● **Stored data**

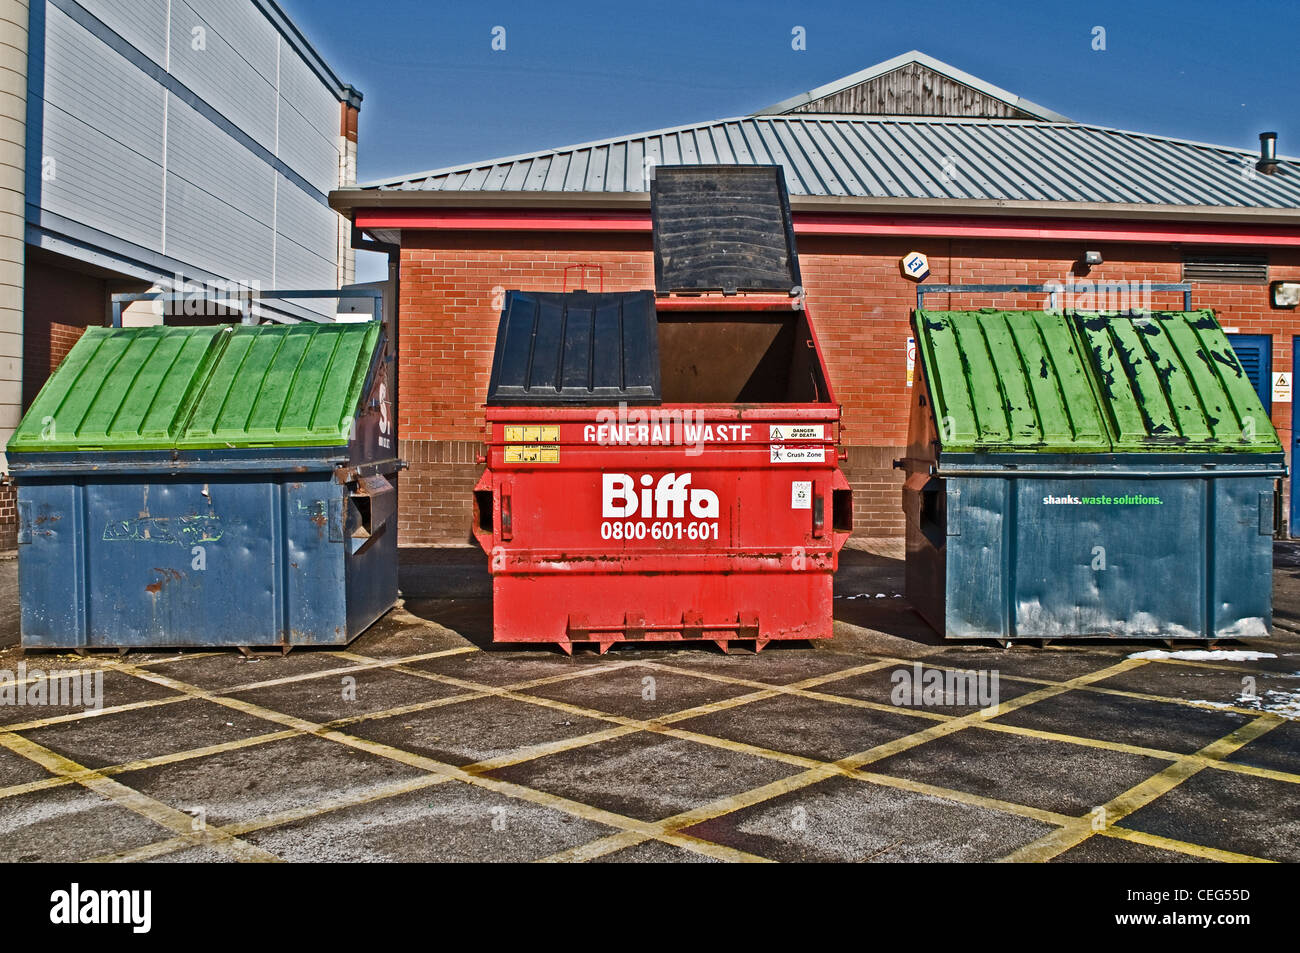 A 'Biffa' waste disposable skip, UK - Stock Image
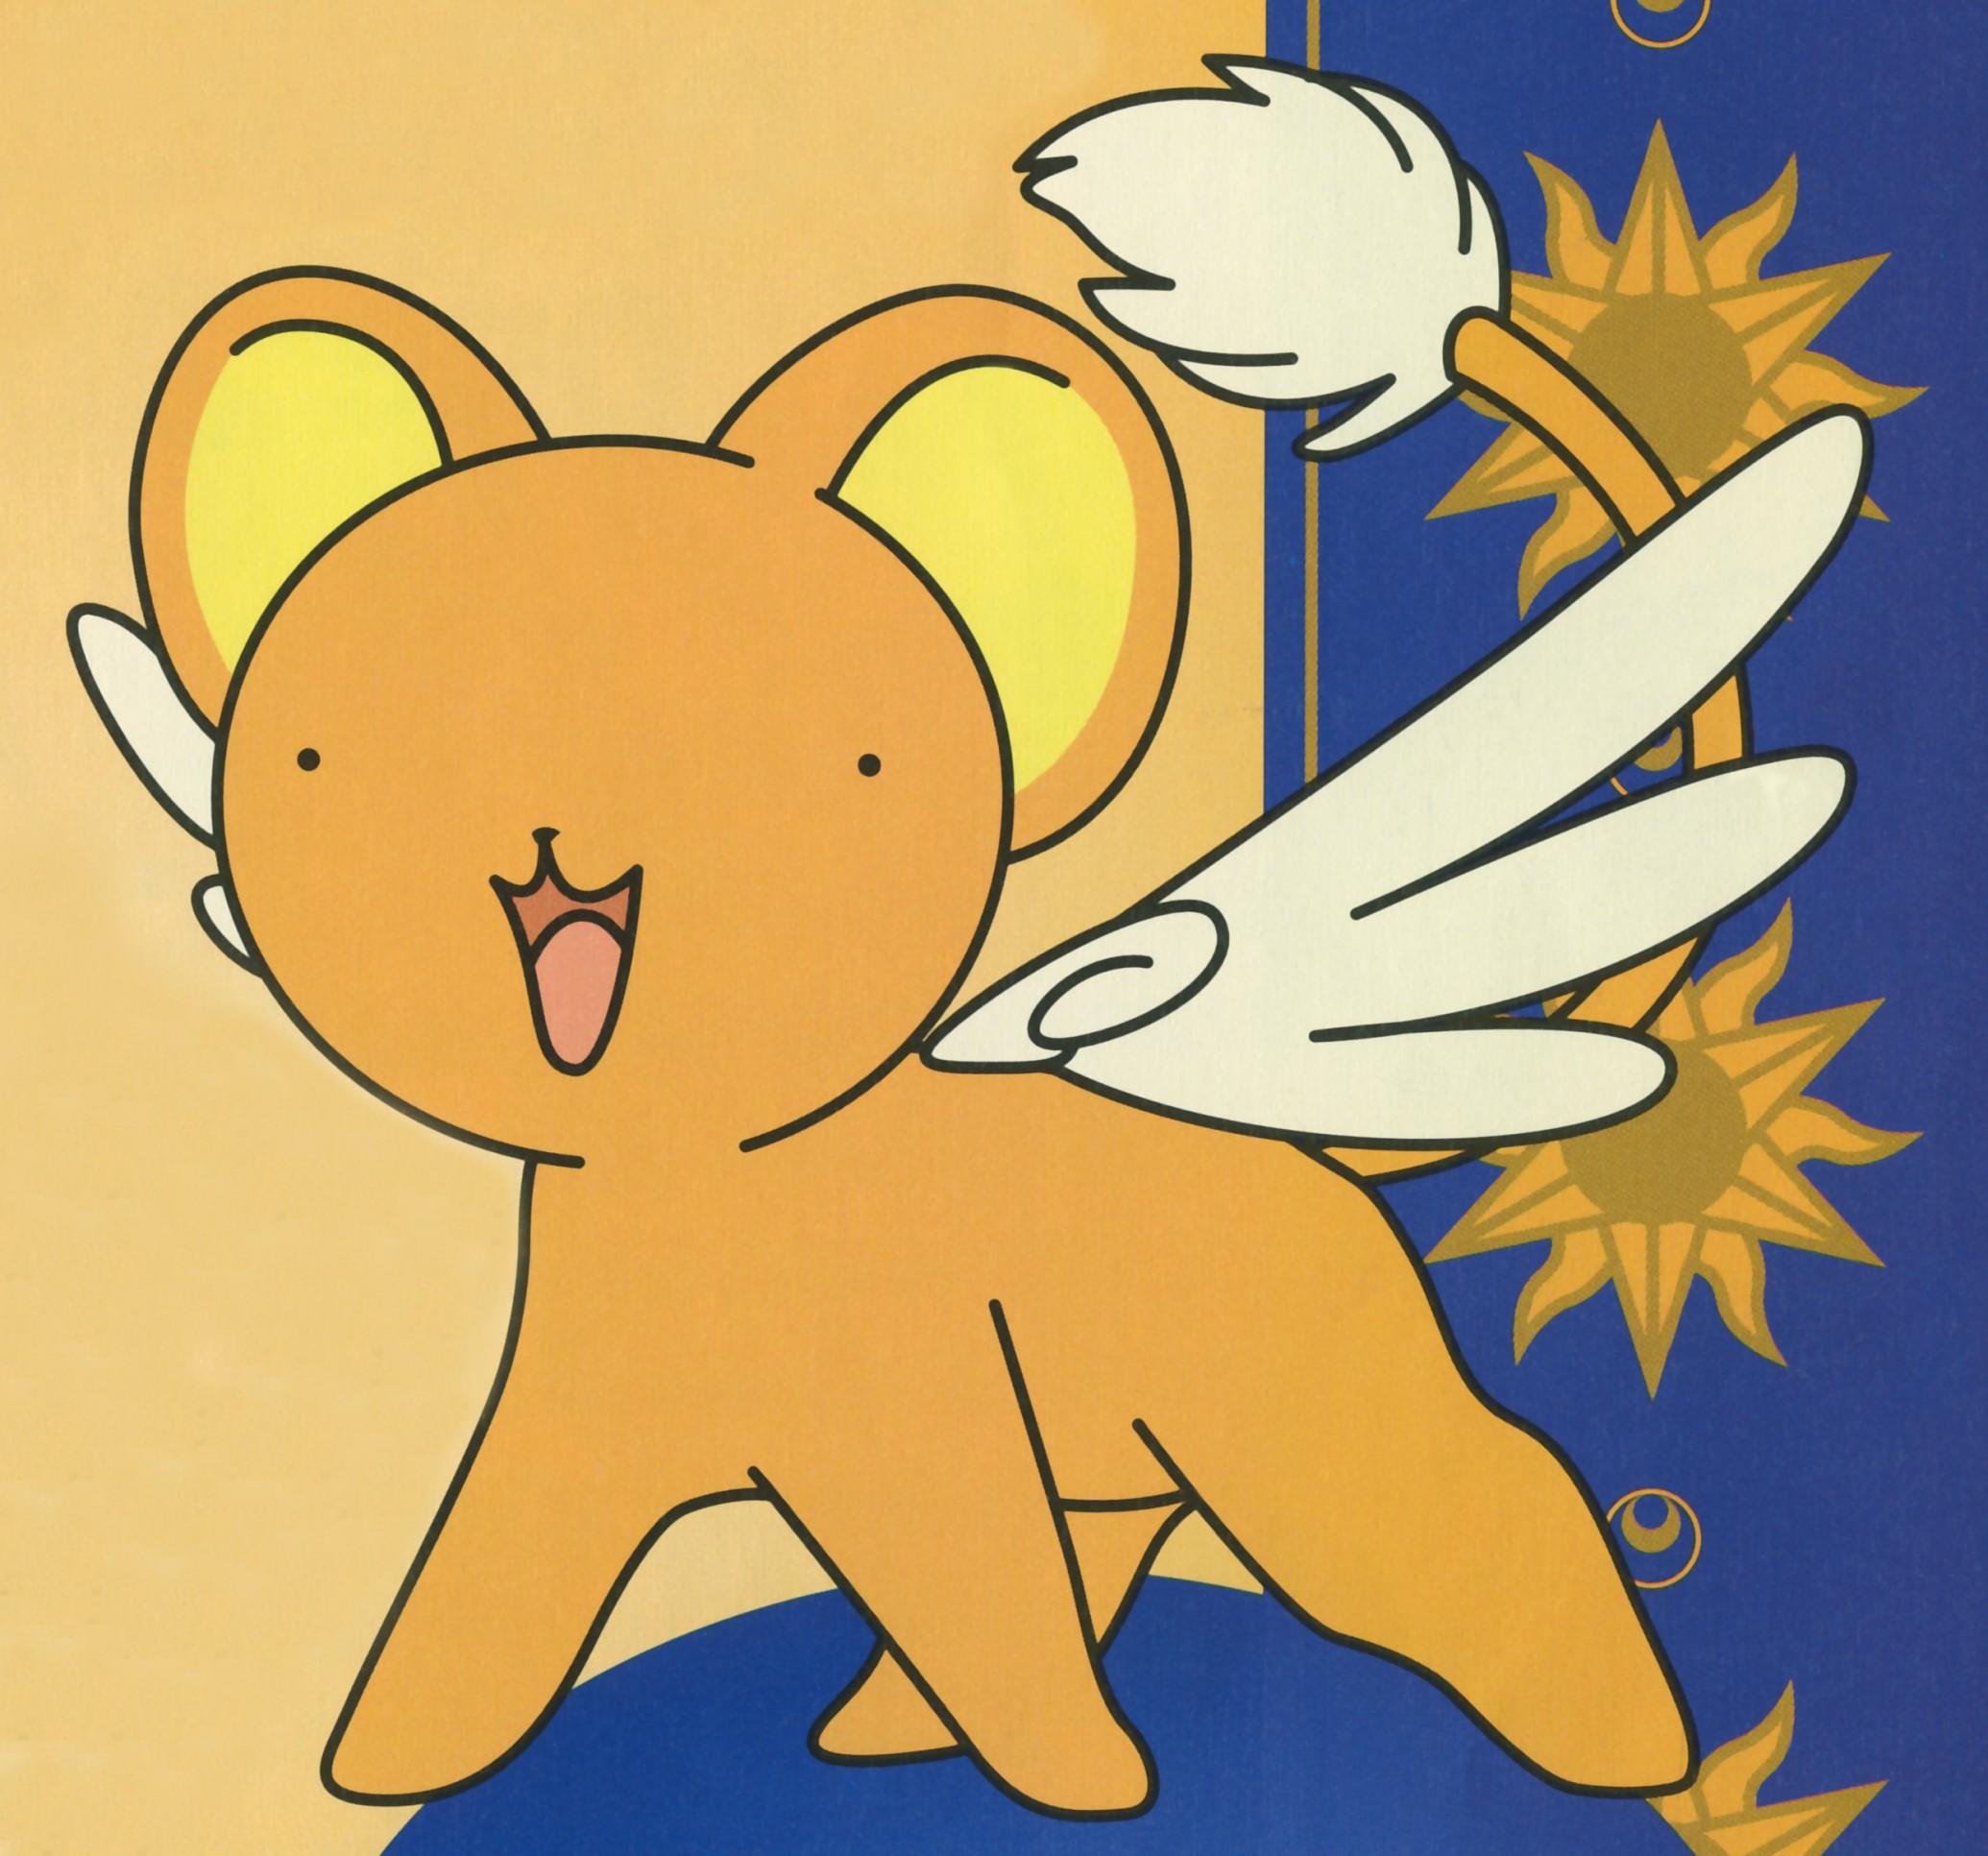 Cardcaptor Sakura Kero-chan
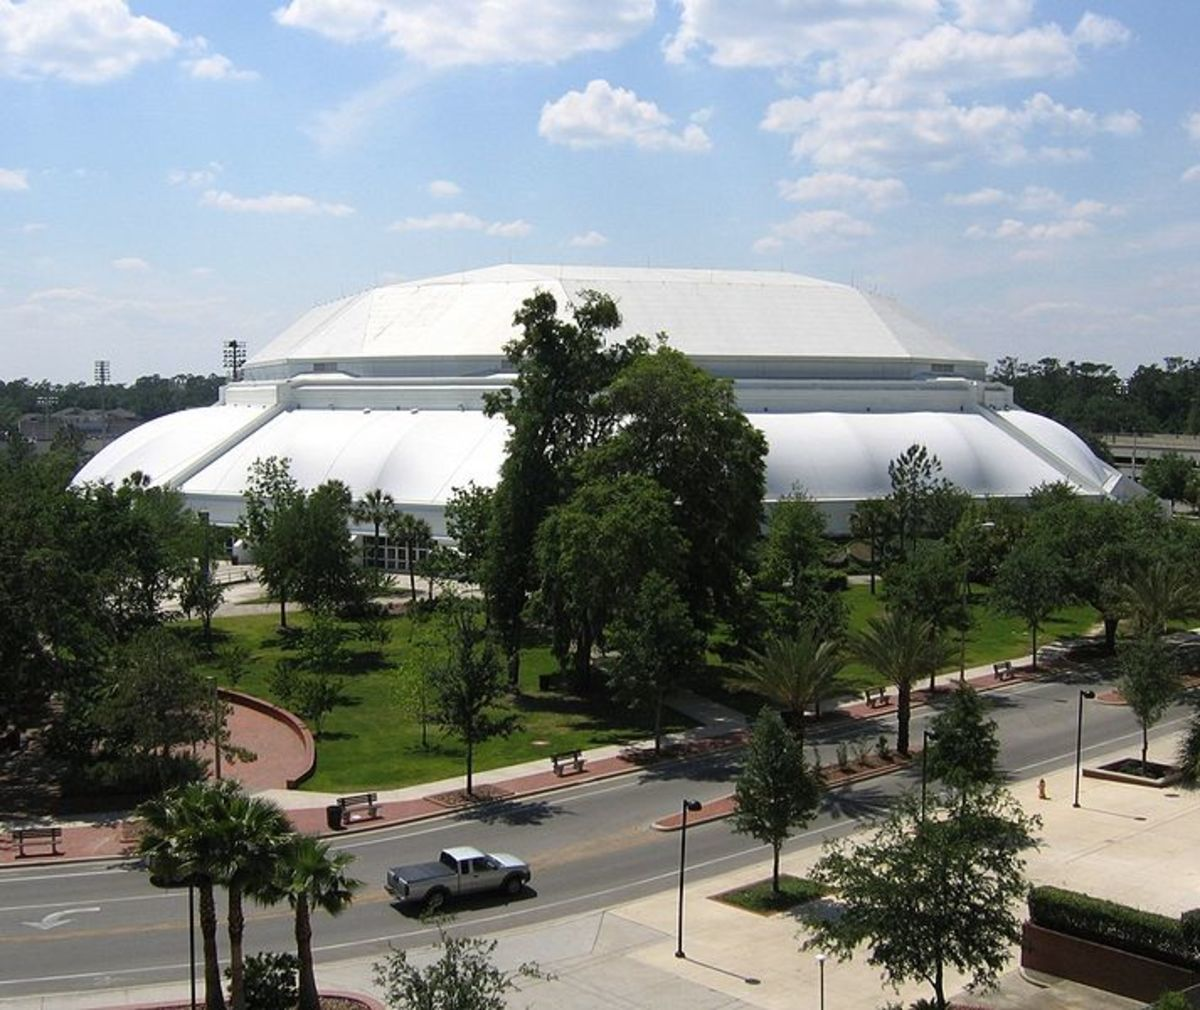 The O'dome

● **Your assignment**
Give back the listing word for word, minus its images.

● **Output below**
 A 'Biffa' waste disposable skip, UK - Stock Image
 Cardcaptor Sakura Kero-chan
 The O'dome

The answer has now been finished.